Menurutnya, tantangan tersebut menuntut pengawasan dan penegakan hukum yang didukung pemahaman berbasis risiko dan bukti ilmiah. Enam penyakit menjadi prioritas pengawasan karantina hewan, yakni African Swine Fever (ASF), Penyakit Mulut dan Kuku (PMK), Lumpy Skin Disease (LSD), Peste des Petits Ruminants (PPR), Highly Pathogenic Avian Influenza (HPAI), dan rabies.
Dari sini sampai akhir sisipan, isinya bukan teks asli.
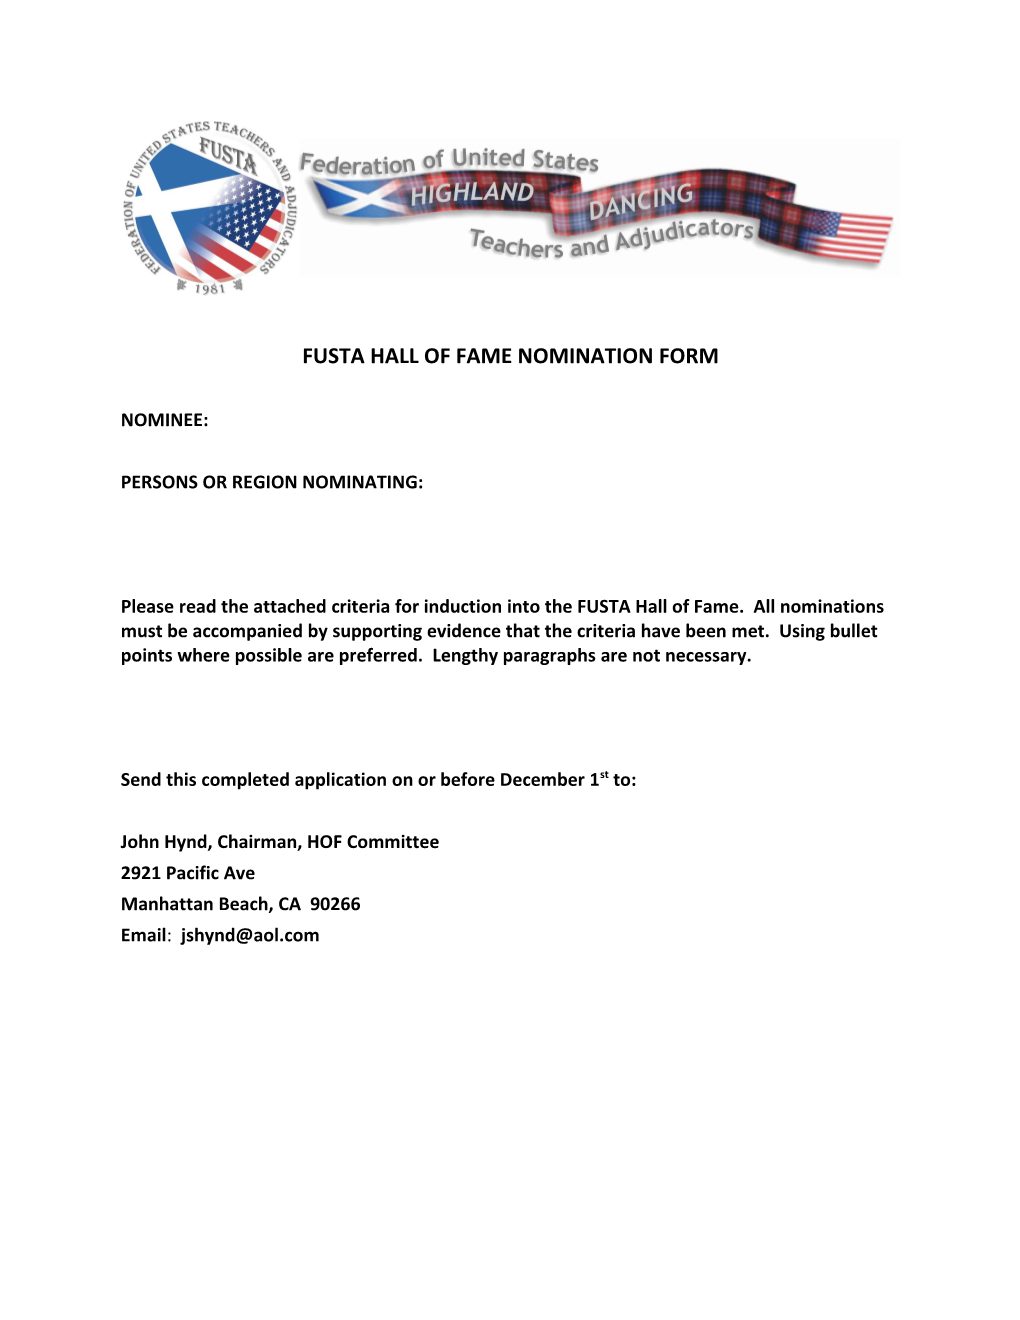 Fusta Hall of Fame Nomination Form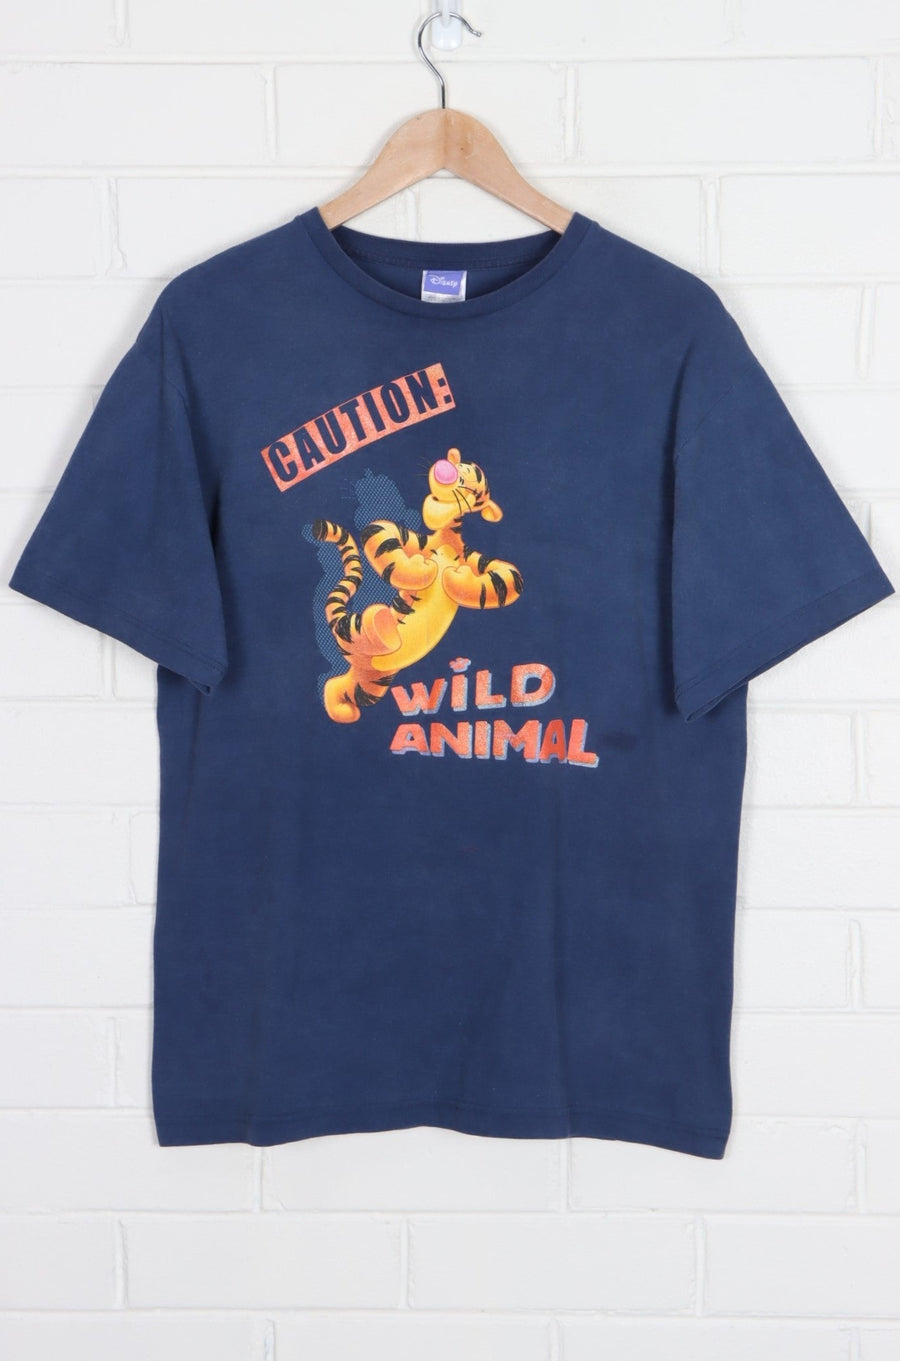 DISNEY Tigger "Caution Wild Animal" T-Shirt (M-L)

Dalam konteks tersebut, komunikasi publik menjadi bagian yang tidak terpisahkan dari penegakan hukum. Kepala Biro Hukum dan Hubungan Masyarakat Barantin, Hudiansyah Is Nursal, menegaskan bahwa tindakan penegakan hukum perlu diikuti dengan komunikasi yang mampu memberikan pemahaman kepada masyarakat mengenai alasan, dampak, dan tujuan dari tindakan tersebut.

“Ketegasan di garis depan harus berjalan seiring dengan komunikasi yang mencerahkan; sebab wibawa institusi lahir dari keadilan yang disampaikan secara bijak dan bertanggung jawab,” kata Hudiansyah.

Hudiansyah menjelaskan, publikasi kasus penegakan hukum karantina bukan sekadar menyampaikan keberhasilan penindakan. Informasi perlu diarahkan pada edukasi mengenai ancaman pelanggaran terhadap sumber daya alam hayati dan keamanan pangan, sekaligus membangun kesadaran hukum masyarakat. Dengan demikian, publik dapat memahami bahwa pelanggaran karantina bukan hanya persoalan administratif, tetapi dapat menimbulkan dampak yang lebih luas terhadap kesehatan, lingkungan, dan perekonomian.

Praktisi Penegakan Hukum Barantin, Chandra Satria Kusna, menegaskan bahwa komunikasi publik perlu berjalan selaras dengan proses penegakan hukum, sehingga informasi yang diterima masyarakat tetap memberikan kepastian sekaligus tidak mengganggu proses hukum yang sedang berlangsung.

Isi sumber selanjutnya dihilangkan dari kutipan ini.